Dr. Danielle Adams -- Middle Eastern and North African Studies
By Elizabeth Labiner
Dr. Danielle Adams earned her PhD in summer 2018 from the School of Middle Eastern and North African Studies, with a minor in Cultural Anthropology from the School of Anthropology. Initially it might seem somewhat surprising, then, that during her time at the U of A, Adams won the NASA Space Grant Graduate Fellowship. This fellowship was one of several exciting doors that would be opened due to her dissertation research on the development of Arabian astronomy from pre-Islam into the first centuries of the Abbasid Period, and a major step in the progress toward her eventual role as Deputy Director for Marketing and Communications at Lowell Observatory in Flagstaff, AZ.
As Deputy Director for Marketing and Communications, Adams is responsible for the strategic marketing of Lowell Observatory, including its ongoing astronomical research and its many opportunities for education and visitation by the general public. She enthusiastically recounts the myriad benefits of her doctoral work in preparing her for her current role:
My academic program at UA was highly interdisciplinary, combining fields of MENA area studies, Arabic literature, cultural anthropology and astronomy. My advisors and mentors in both the School of Middle Eastern and North African Studies and the School of Anthropology supported my unique program of study and dissertation topic in cultural astronomy. Travel grants from these departments and the Center for Middle Eastern Studies allowed me to interface with diverse scholars at academic conferences around the world. I also earned a NASA Space Grant Graduate Fellowship, through which I was able to disseminate my cultural astronomy research to the general public (including a website I built at onesky.arizona.edu).

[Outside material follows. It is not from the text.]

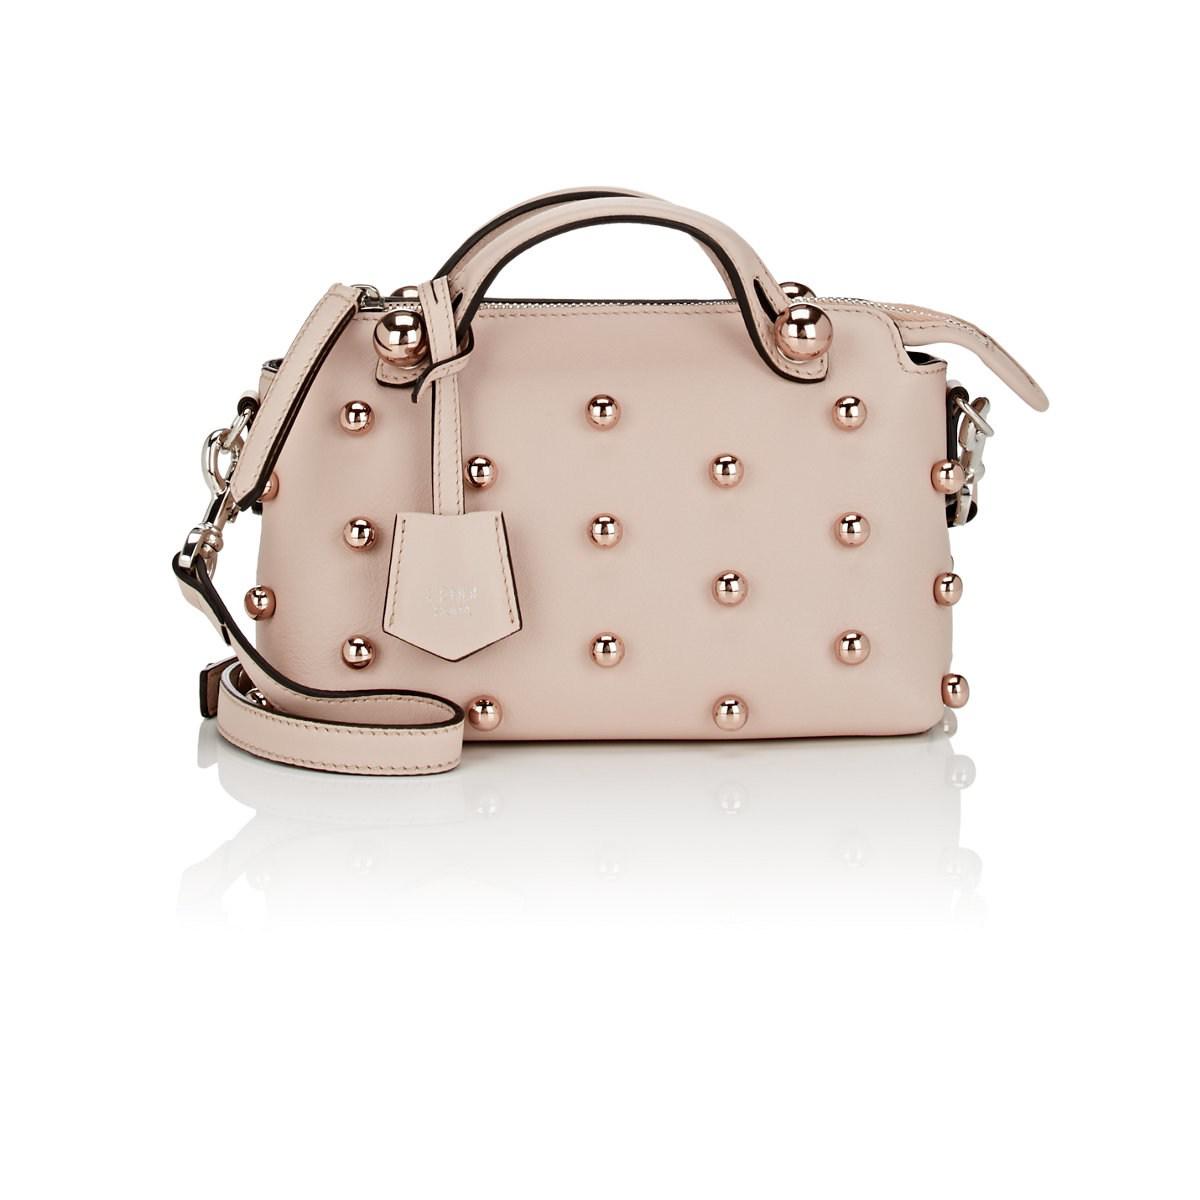 Fendi By The Way Mini Leather Shoulder Bag in Light Pink (Pink) - Lyst

Disseminating astronomical research to the public is also now one of my objectives at Lowell Observatory. This interdisciplinarity culminated in designing my dissertation defense as a public planetarium program at UA's Flandrau Planetarium and Science Center, the first time a defense had been held under the dome at Flandrau.
Interdisciplinary success was vital when Adams was contacted via LinkedIn by a recruiter who had been tasked with finding a candidate who had both experience in strategic marketing and a background in astronomy. Lowell Observatory wanted to fill the role with a marketer who could speak the language of astronomy, and Adams was one of few candidates who possessed strong skills in both areas.
“I view marketing as applied anthropology, as both endeavors must begin with the ability to see the world through the eyes of other people,” she explains. “There is great emphasis on the customer experience in many companies today, and skills like participant-observation and ethnography make anthropologists well-suited to filling these kinds of roles in customer-centric organizations. Furthermore, the ability to work effectively across departmental boundaries in a company stems from having an interdisciplinary perspective in school, allowing me to connect the dots in patterns that sometimes others cannot see.”
Adams looks forward to a long, fruitful career at Lowell Observatory. “I get to spend every day operating from my strengths in marketing, anthropology, and astronomy, and I do this at one of America's great observatories. My marketing efforts help astronomers disseminate their research and offer people of all ages ways to experience the awe and wonder of the night sky. On top of all this, I get to deploy my own cultural astronomy research to enrich the public programs at Lowell Observatory and beyond. It's a perfect fit.”
Adams’ continuing work bridges cultures and communities, bringing us all a little closer to the stars -- and to each other.
Photo: Adams alongside the 122-year-old 24" Alvin Clark telescope at Lowell Observatory.